Strawberry season is in full force at the farmers' market and fortunately this is corresponding with a bumper crop of thyme in the garden, time to put these both to good use. I came across a recipe for Oatmeal Tarts recently that were baked in a muffin tin. I thought they were worth a try since I am always on the look out for a portable breakfast or snack. These would also make a healthy addition as a summer dessert with an added drizzle of melted chocolate. Don't you think? This might look like a fussy time consuming recipe but trust me, it came together in about 45 minutes. I made the jam while the oatmeal cups were in the oven.
Oatmeal Cups with Strawberry Jam
Oatmeal cups adapted from Rainbow Nourishments
- 2 bananas or 1 cup mashed banana
- ½ cup dates, pitted (if they are hard and dry, soak them in water for 2 hours beforehand then drain)
- 1 ½ cup rolled oats
- 1 cup shredded coconut
- ½ cup crumbled walnuts (I used pistachios)
- ½ tsp ground cinnamon
- ½ cup ground nutmeg
- Pinch of salt
Preheat oven to 160 degrees. (300 degrees F)

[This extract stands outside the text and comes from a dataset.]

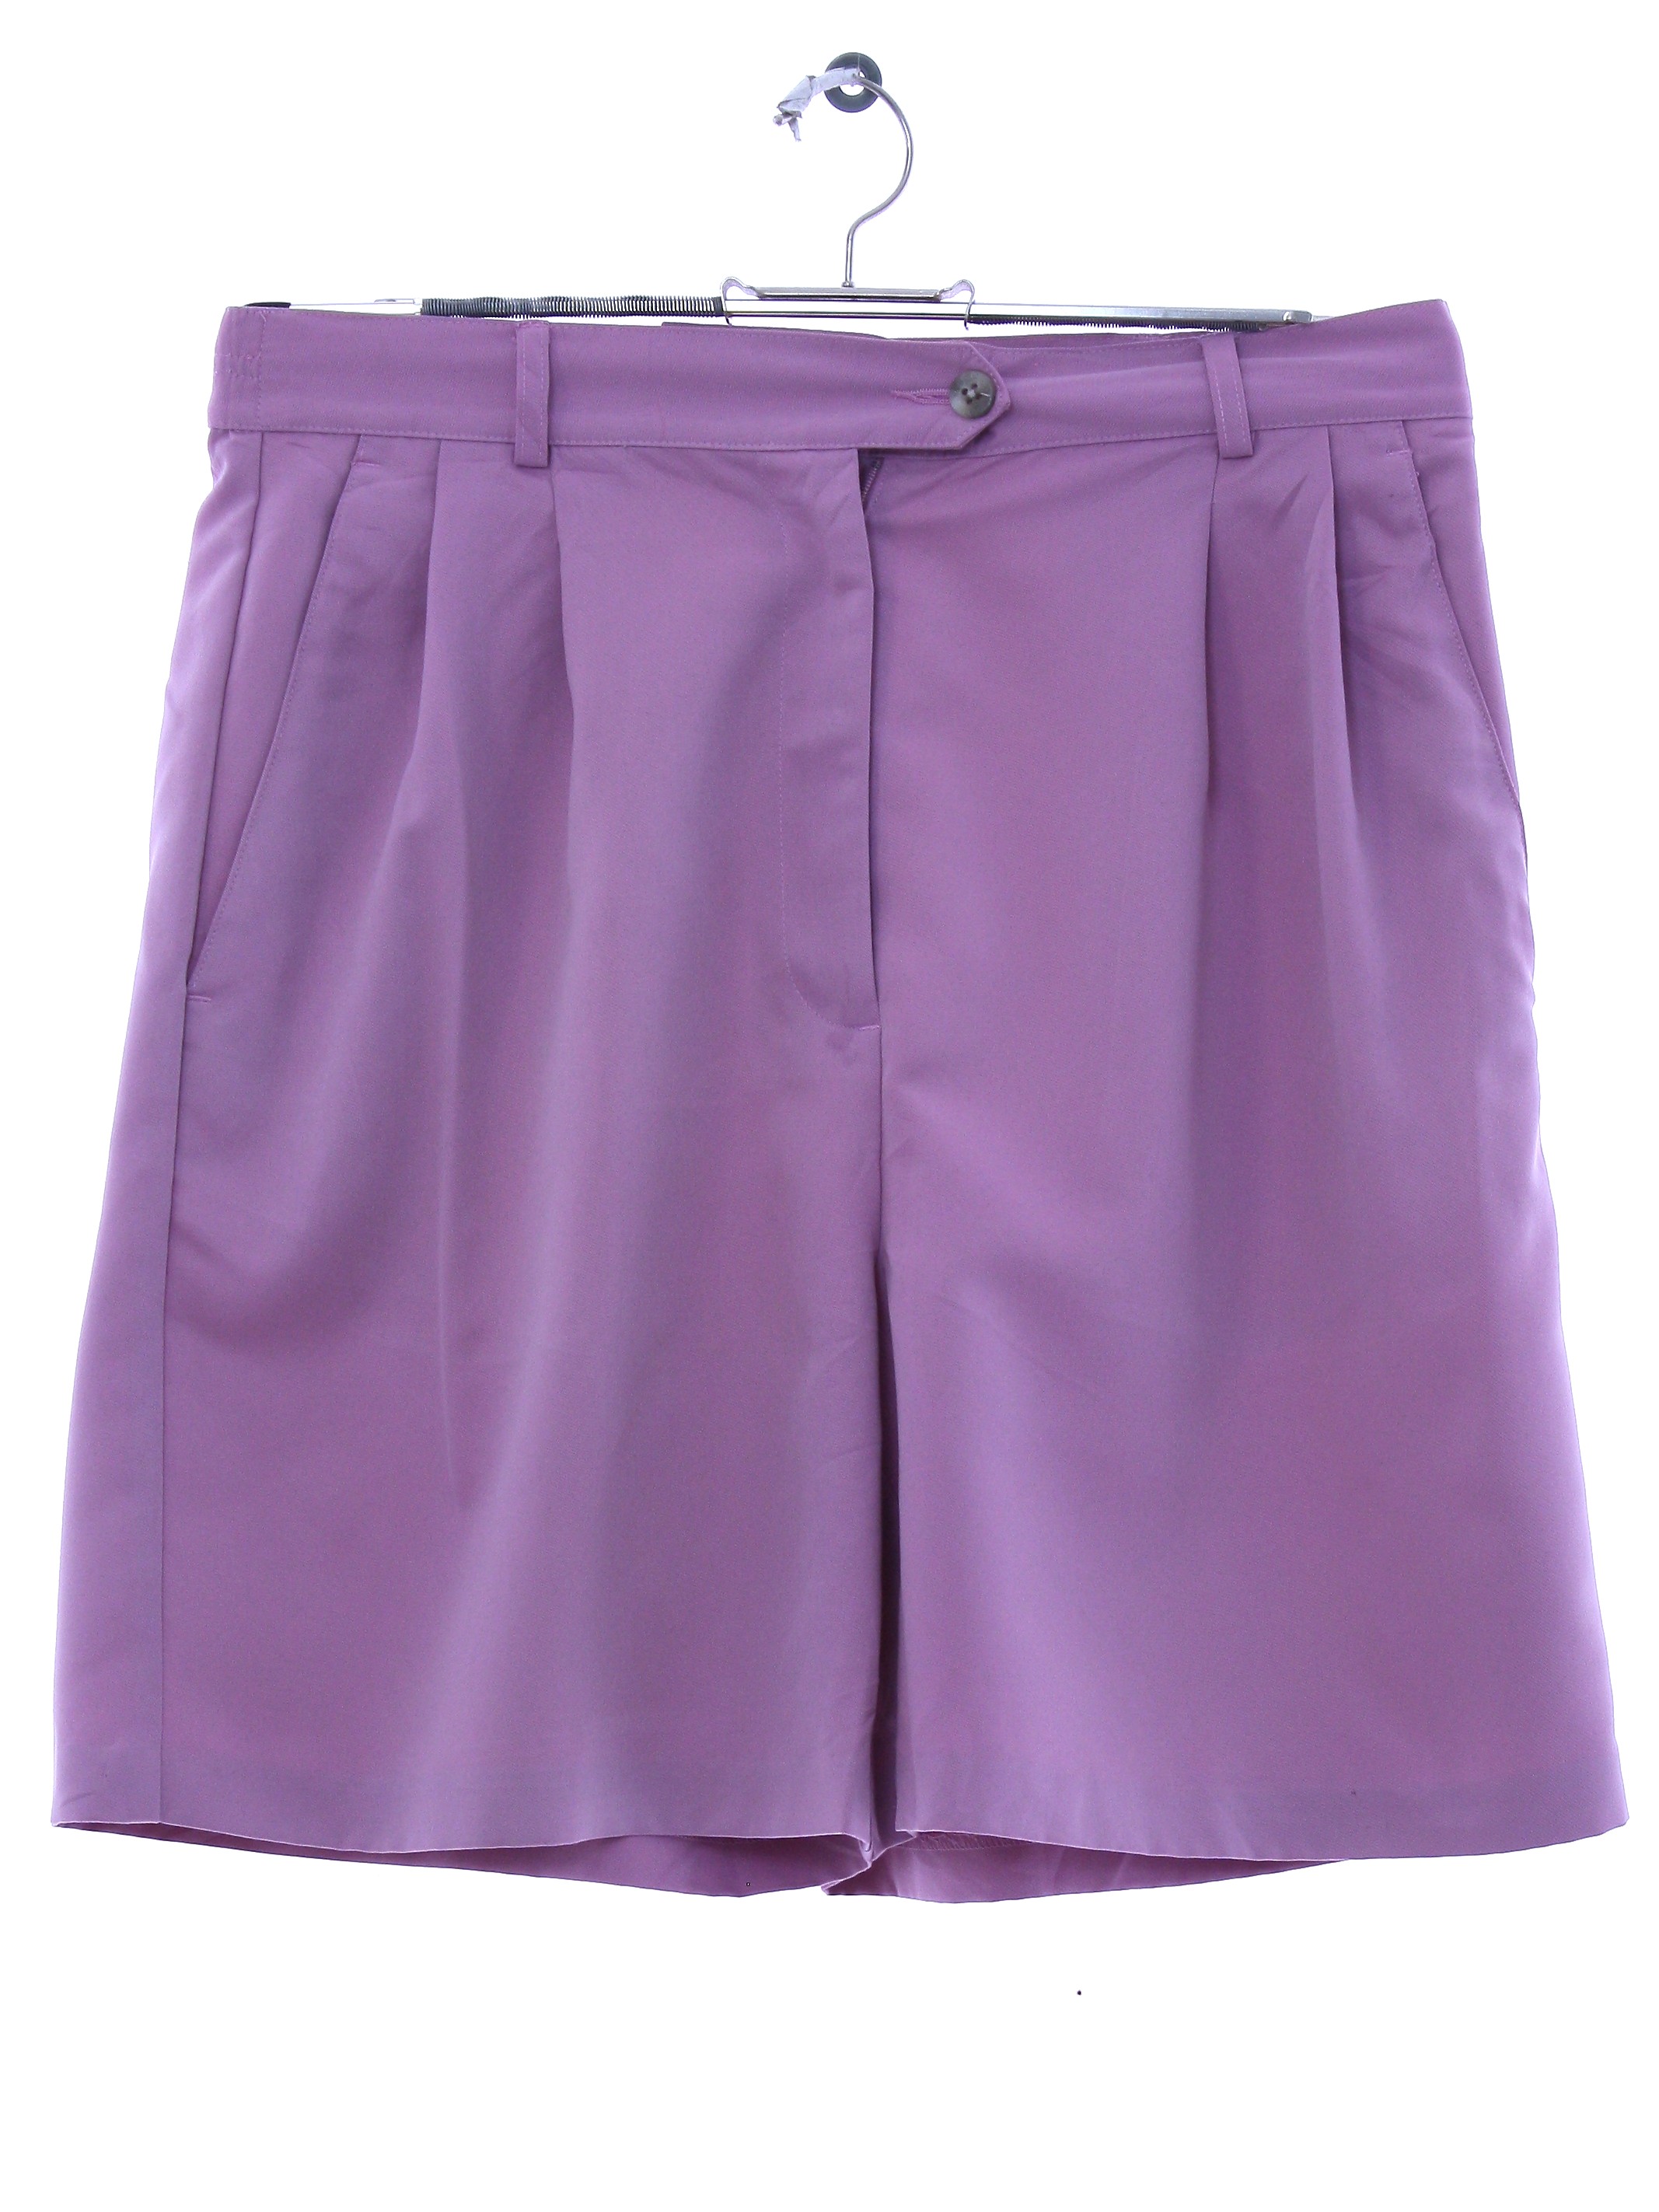 Retro 90s Shorts (Izod) : 90s -Izod- Womens lilac solid colored

Put banana and drained dates in a small food processor and whizz until combined. If you don't have a food processor, mash roughly with the back of a fork. Add all ingredients to a bowl and mix until combined.. Scoop mixture into silicon or non-stick cupcake tins and press gently against sides ensuring there is a thick layer of granola (about 1-1.5 cm thick)Bake in oven for 20-25 minutes or until the edges are golden-brown. Remove from oven then cool.
Store tarts in the fridge or freezer until ready to serve. Fill with 1 T of jam per cup. vanilla yogurt topped with pistachios was also good.
Strawberry & Thyme Jam
By Inspired by the Seasons
- 2 c strawberries, fresh or frozen cut into 1/2" pieces
- 1 1/2 T honey (more to taste, I like mine tart)
- 2 T lemon juice
- 3-5 sprigs of thyme, stems removed
Place all ingredients in a small sauce pan and bring to a boil, turn down to a simmer and stir frequently until it passes the spoon trail test, about 6-8 minutes. Remove from heat and transfer to a heat proof glass container to cool to room temperature on the counter. Any unused jam can be stored in the refrigerator.